В книге рассказывается история главного героя, который сталкивается с различными проблемами и препятствиями на протяжении всего своего путешествия. По пути он встречает множество второстепенных персонажей, которые играют важные роли в истории. Благодаря опыту главного героя книга исследует такие темы, как любовь, потеря, надежда и стойкость. По мере того, как главный герой преодолевает свои трудности, он усваивает ценные уроки жизни и растет как личность.
В книге рассказывается история главного героя, который сталкивается с различными проблемами и препятствиями на протяжении всего своего путешествия. По пути он встречает множество второстепенных персонажей, которые играют важные роли в истории. Благодаря опыту главного героя книга исследует такие темы, как любовь, потеря, надежда и стойкость. По мере того, как главный герой преодолевает свои трудности, он усваивает ценные уроки жизни и растет как личность.

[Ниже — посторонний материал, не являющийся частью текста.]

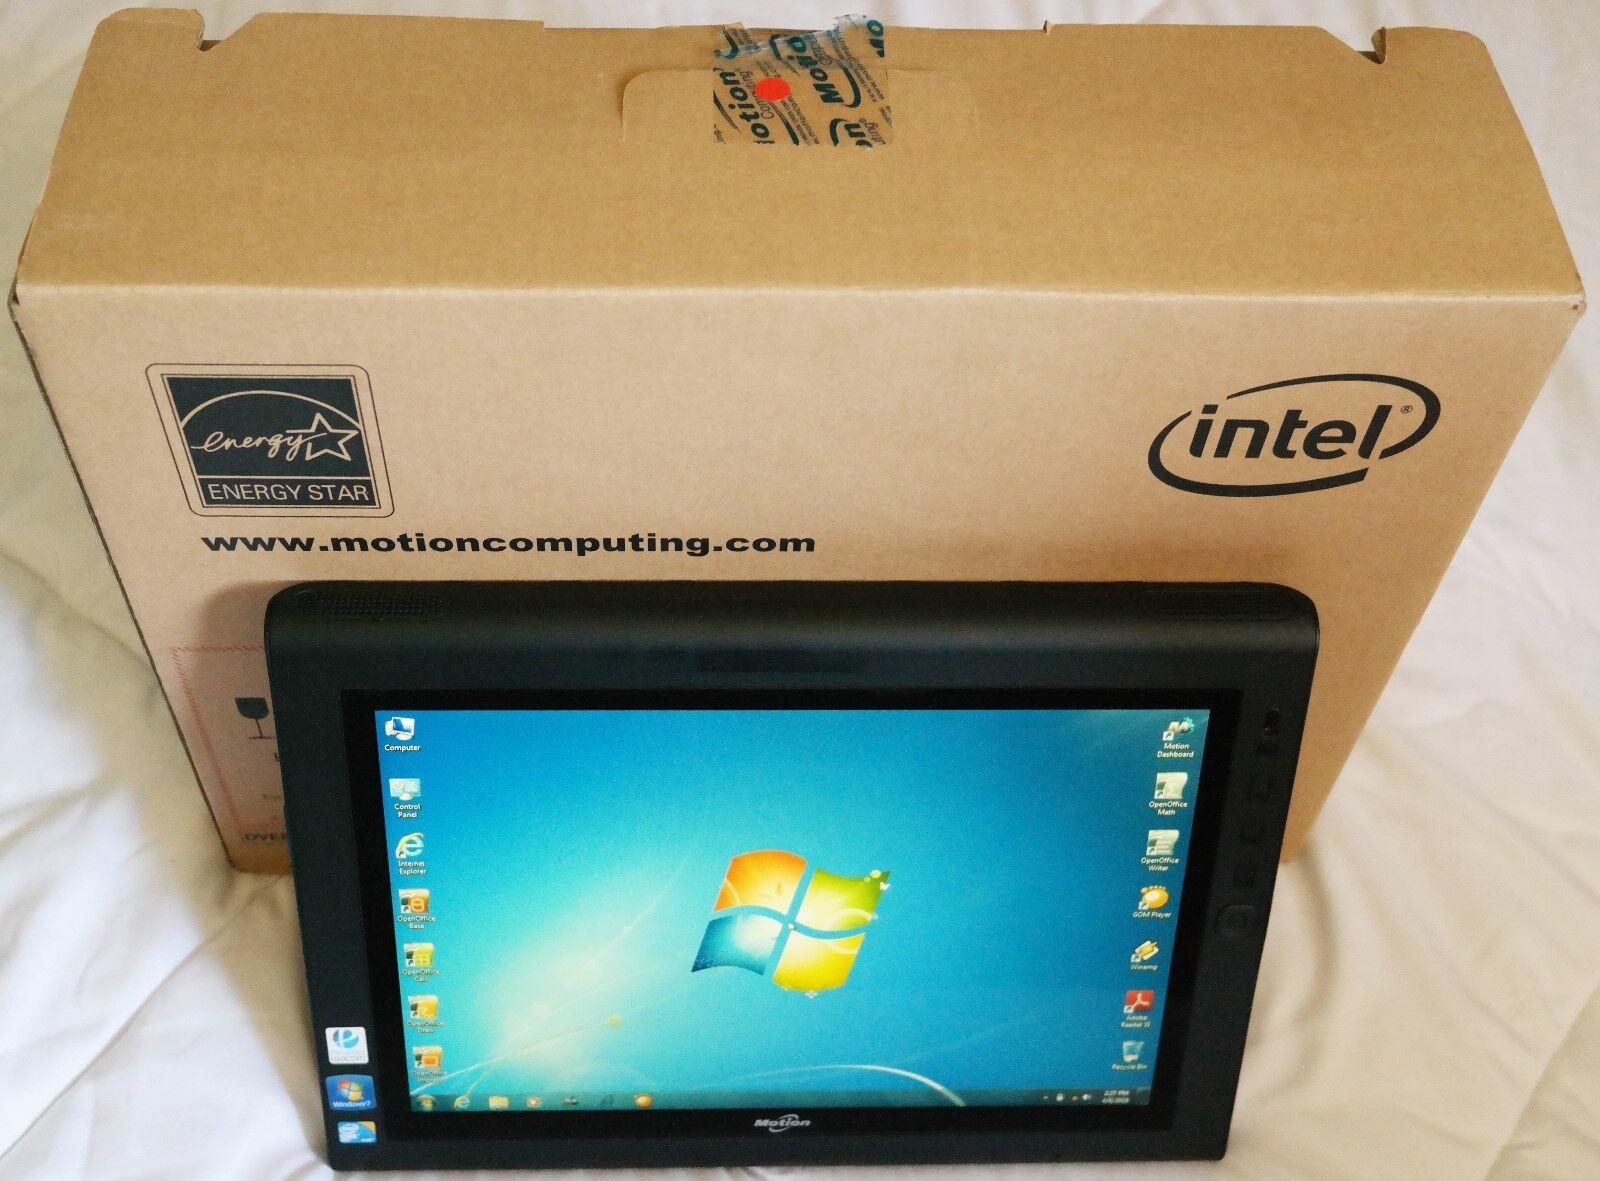 Motion Computing J3500 Core i7 1.47GHz-(2.53G) 8GB 256GB SSD View Anywhere Gobi
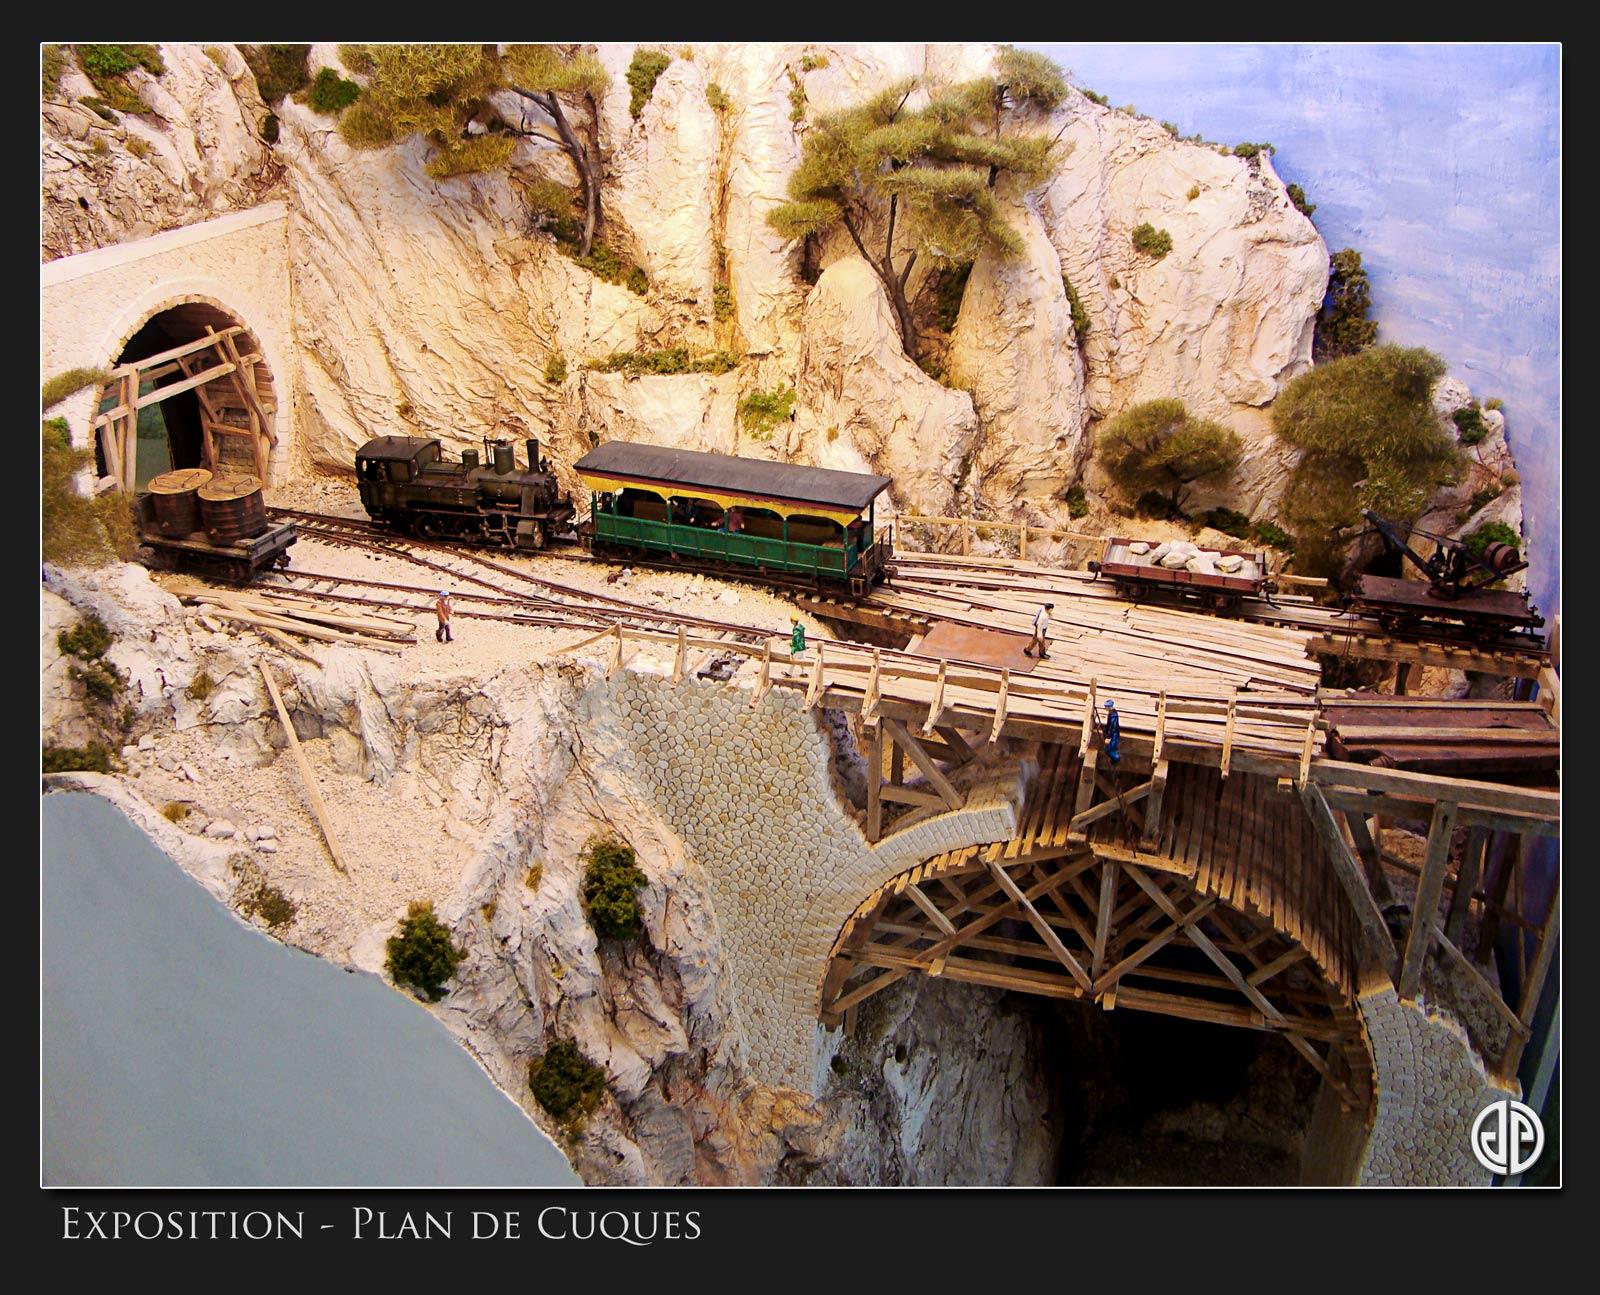 Expo-ferroviaire-Plan-de-Cuques-19

Настоящая публикация — корпус из 22 писем, где 21 принадлежит перу Георгия Владимировича Иванова и одно И.В. Одоевцевой, адресованы эмигранту «второй волны» Владимиру Федоровичу Маркову. Письма дополняют уже известные эпистолярные подборки относительно быта и творчества русских литераторов заграницей.Также в письмах последних лет жизни «первого поэта русской эмиграции» его молодому «заокеанскому» респонденту присутствуют малоизвестные факты биографии Георгия Иванова, как дореволюционного, так и эмигрантского периода его жизни и творчества.
Полное собрание писем Антона Павловича Чехова в двенадцати томах - первое научное издание литературного наследия великого русского писателя. Оно ставит перед собой задачу дать с исчерпывающей полнотой все, созданное Чеховым. При этом основные тексты произведений сопровождаются публикацией ранних редакций и вариантов. Серия сочинений представлена в восемнадцати томах. Письма Чехова представляют собой одно из самых значительных эпистолярных собраний в литературном наследии русских классиков. Всего сохранилось около 4400 писем, написанных в течение 29 лет - с 1875 по 1904 год.
В книге рассказывается история главного героя, который сталкивается с различными проблемами и препятствиями на протяжении всего своего путешествия. По пути он встречает множество второстепенных персонажей, которые играют важные роли в истории. Благодаря опыту главного героя книга исследует такие темы, как любовь, потеря, надежда и стойкость. По мере того, как главный герой преодолевает свои трудности, он усваивает ценные уроки жизни и растет как личность.
В книге рассказывается история главного героя, который сталкивается с различными проблемами и препятствиями на протяжении всего своего путешествия. По пути он встречает множество второстепенных персонажей, которые играют важные роли в истории. Благодаря опыту главного героя книга исследует такие темы, как любовь, потеря, надежда и стойкость. По мере того, как главный герой преодолевает свои трудности, он усваивает ценные уроки жизни и растет как личность.
В книге рассказывается история главного героя, который сталкивается с различными проблемами и препятствиями на протяжении всего своего путешествия. По пути он встречает множество второстепенных персонажей, которые играют важные роли в истории. Благодаря опыту главного героя книга исследует такие темы, как любовь, потеря, надежда и стойкость. По мере того, как главный герой преодолевает свои трудности, он усваивает ценные уроки жизни и растет как личность.
В книге рассказывается история главного героя, который сталкивается с различными проблемами и препятствиями на протяжении всего своего путешествия. По пути он встречает множество второстепенных персонажей, которые играют важные роли в истории. Благодаря опыту главного героя книга исследует такие темы, как любовь, потеря, надежда и стойкость. По мере того, как главный герой преодолевает свои трудности, он усваивает ценные уроки жизни и растет как личность.